The couple was about my age, maybe a little younger, and had a boy with them who was perhaps 7 or 8 years old. I had just finished stuffing my face (as only an American can), wolfing down a giant burrito from Taco Del Mar, and contentedly sipping my Diet Pepsi, driving out of the parking lot when I first spotted them.
Almost instantly, I was pissed off. Sure, everyone’s seen street people before, in fact, we seem to be seeing more of them all the time these days, but my emotions suddenly stirred with the appearance of this family, one of thousands that we routinely ignore, as though the mere avoidance of eye contact somehow gets us off the hook.
The father was sitting on the grass in the slim shade of a newly planted elm tree, skinny, dirty, and from the look in his eyes, broken. I thought about how far I’d have to fall before my ability to eat would be reduced to three words scrawled on a cardboard sign, subject to complete reliance on the good will of others or worse, on their pity. Humiliated day in and day out, confessing publicly, and to strangers, that I could no longer care for my wife and child. To endure the repeated stares and the judgment from Americans that condescendingly view poverty as a character flaw, an abject failure. To witness the scores of people passing me every hour that pretend not to see, that deny me even the simplest of acknowledgments. To realize and admit that I have no hope beyond the end of today.
The wife just wants to get by, sitting beside him and forcing a smile.

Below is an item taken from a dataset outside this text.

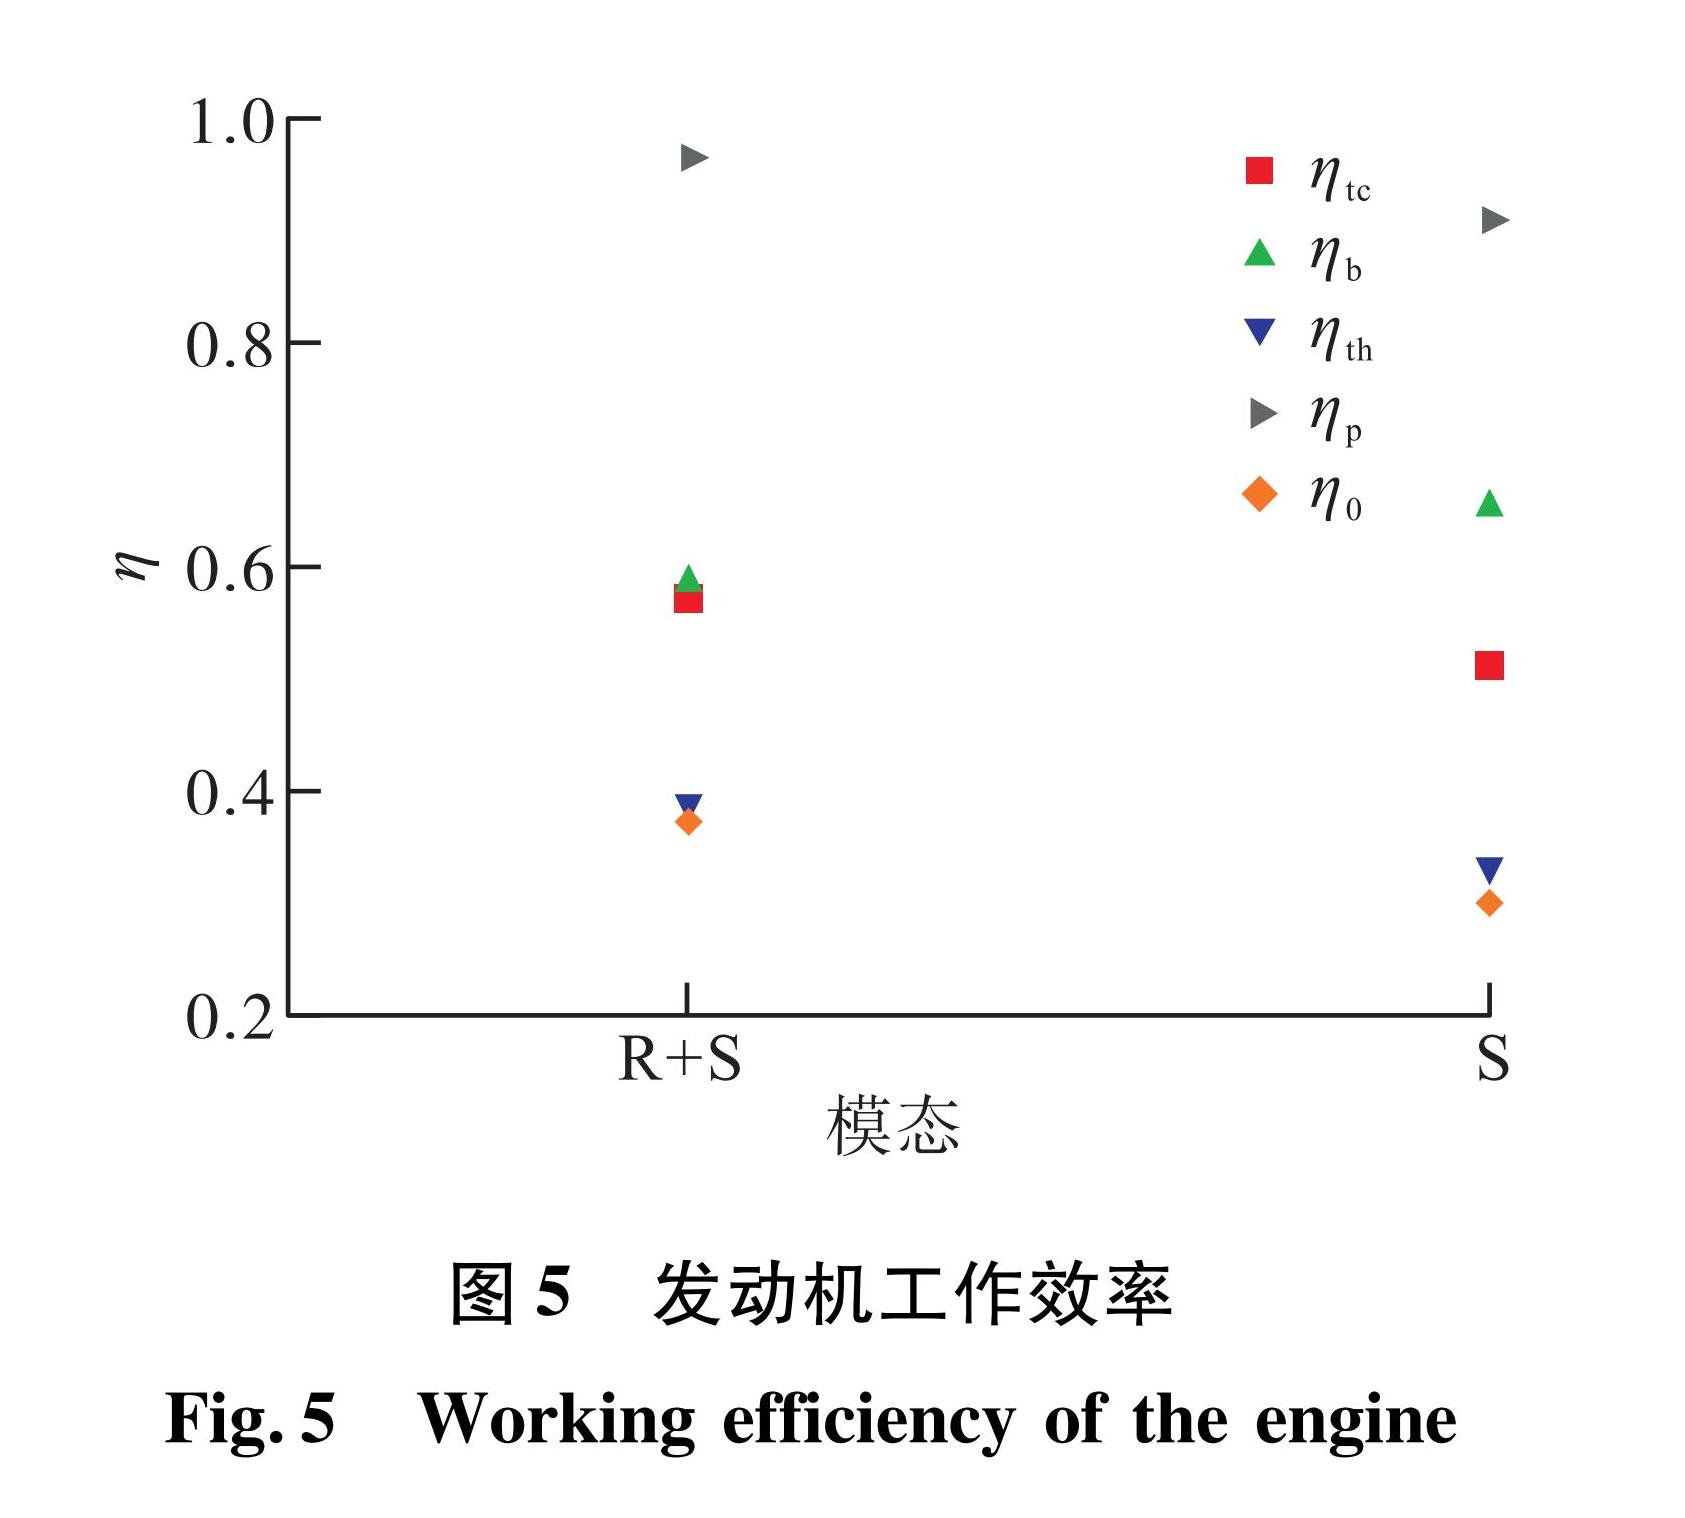 图5 发动机工作效率<br/>Fig.5 Working efficiency of the engine

Just wants to make everything all right for today. All right for her son. Wants to restore the husband’s pride, and maybe give them some sense of normalcy, having long ago forgotten what that might even look like. Wants to end the worrying for once. Wants to tell her son where they’re going and how they’ll get there, and that things will be better tomorrow.
And the kid with no chance of getting out of this. The kid who had nothing to do with getting into this. The kid who wonders if all 8 year olds live this way, and then, reluctantly, learns the truth. The kid who, by all rights, is completely and permanently fucked.
So I park my designer car at the Fred Meyer and go inside to buy a couple of bags worth of stuff. Salve for my guilt to be sure, but mostly just so I can be doing something, anything to somehow make up for this.
A few sandwiches. A bag of oranges. Peanuts, chips and iced tea. $15 worth, maybe. That was my feeble gesture. I walked over to their corner, said hello, handed them the bags, and told them there was something for lunch now, and a few things for the road later. She thanked me profusely, but I was so mad I couldn’t even make small talk.
The salve didn’t work. The guilt and anger are still there. It seems I can’t come to grips with a society so steeped in avarice and ignorance that it willingly ignores the most glaring of problems, or with the very idea that anyone could ever go hungry here, in the richest, most well-fed nation on Earth.